Top Posters In This Topic

Ah, I see what you mean, I meant grounded to the chassis, not a pre-existing chassis ground, my wording was indeed misleading.

 

I believe I did read that the sensor grounds should be dedicated. I also read that the LC-1 unit will not work reliably without grounding to the engine, but that is attached to the chassis and I have not had any problems with the unit in the past.

 

I can try moving the coil ground and seeing if that clears up anything. Thanks guys, I have a whole new variety of things to take a look at. 

Link to comment
Share on other sites

grounding is everything from what i read. You might want to rethink the basics -as in grounding- before you troubleshoot anymore. I might have gone overboard(see my ms3x thread), but I didn't want this to be an issue and MS stressed this a lot.

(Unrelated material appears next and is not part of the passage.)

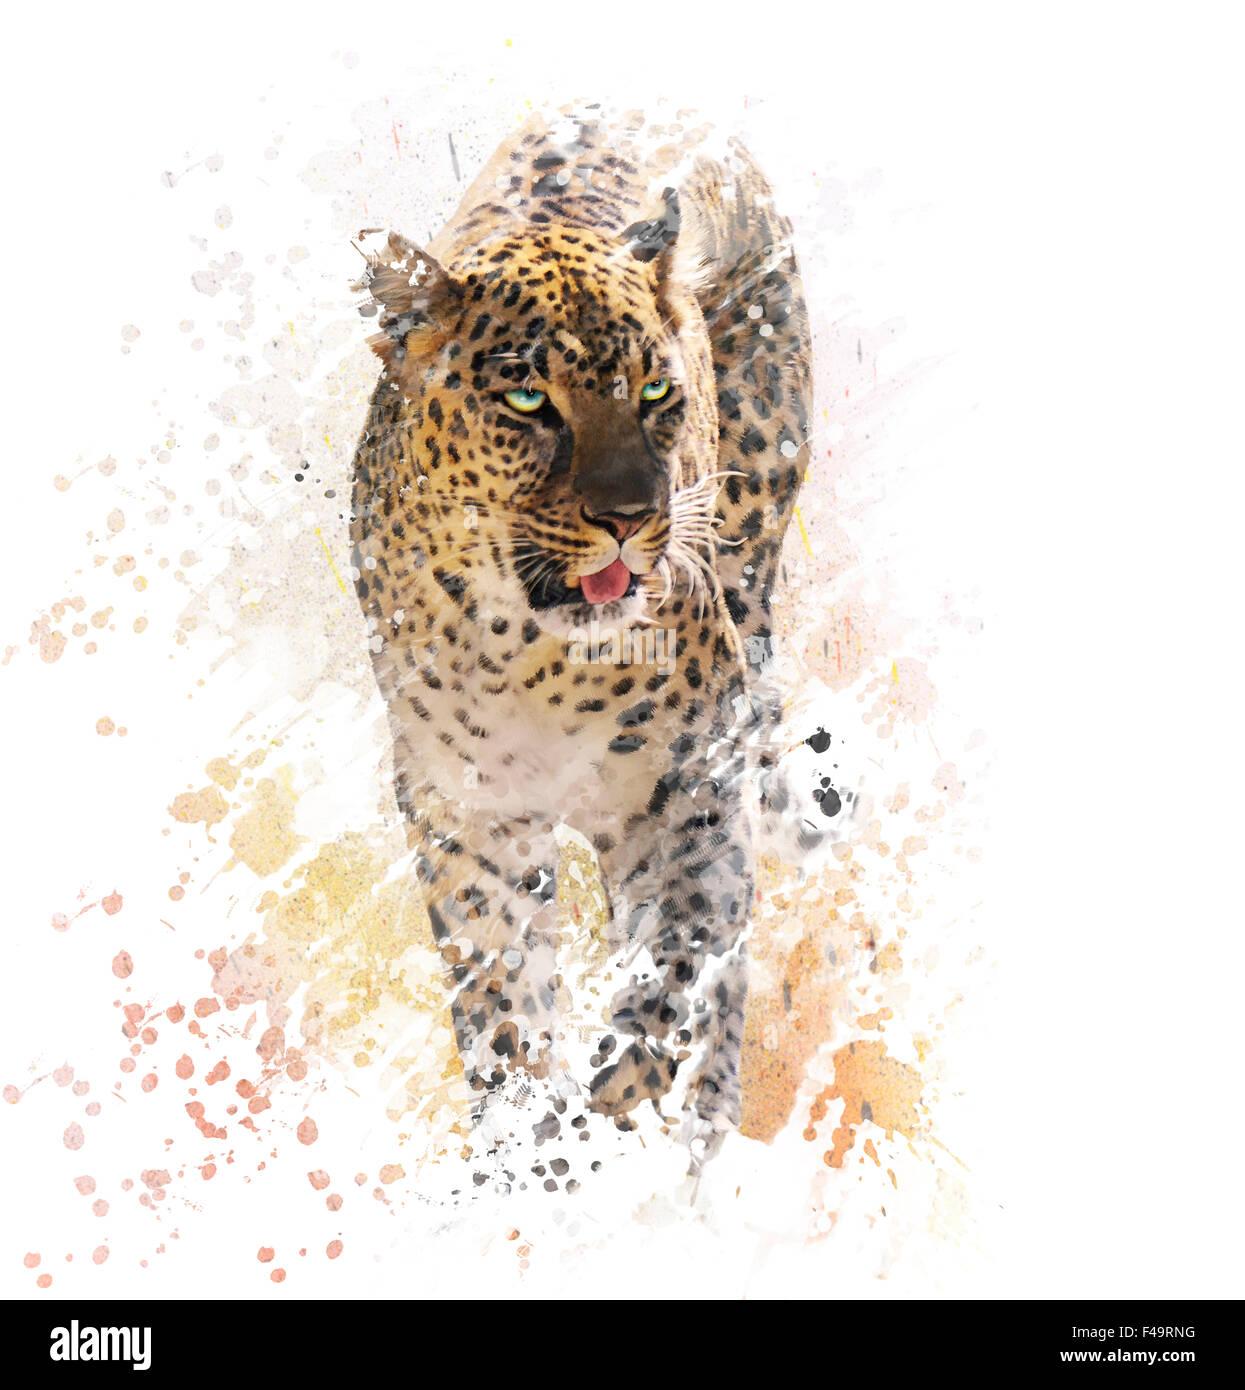 Peinture numérique de Leopard sur fond blanc Photo Stock

Good luck and hope I helped

Link to comment
Share on other sites

Oh just realized it was you in the other post. Sorry for referring to you in the removed pronoun form.

 

I have read that grounding to the head may be preferable for the coils, so I may play around with it. The grounding cable for the battery directly attaches to the head, so that would be a stronger ground then flowing through the chassis into the little 8/10 gauge wire that the chassis is grounded with. Granted, the engine is also grounded to the chassis, so the grounding path is pretty much all the same. I can appreciate some overkill though.

Link to comment
Share on other sites

It's not the same. I think you are underestimating the importance of proper grounding. Not trying to be a dick, just emphazing this. You bypass all the noise created in a chassis ground by going directly to the block. 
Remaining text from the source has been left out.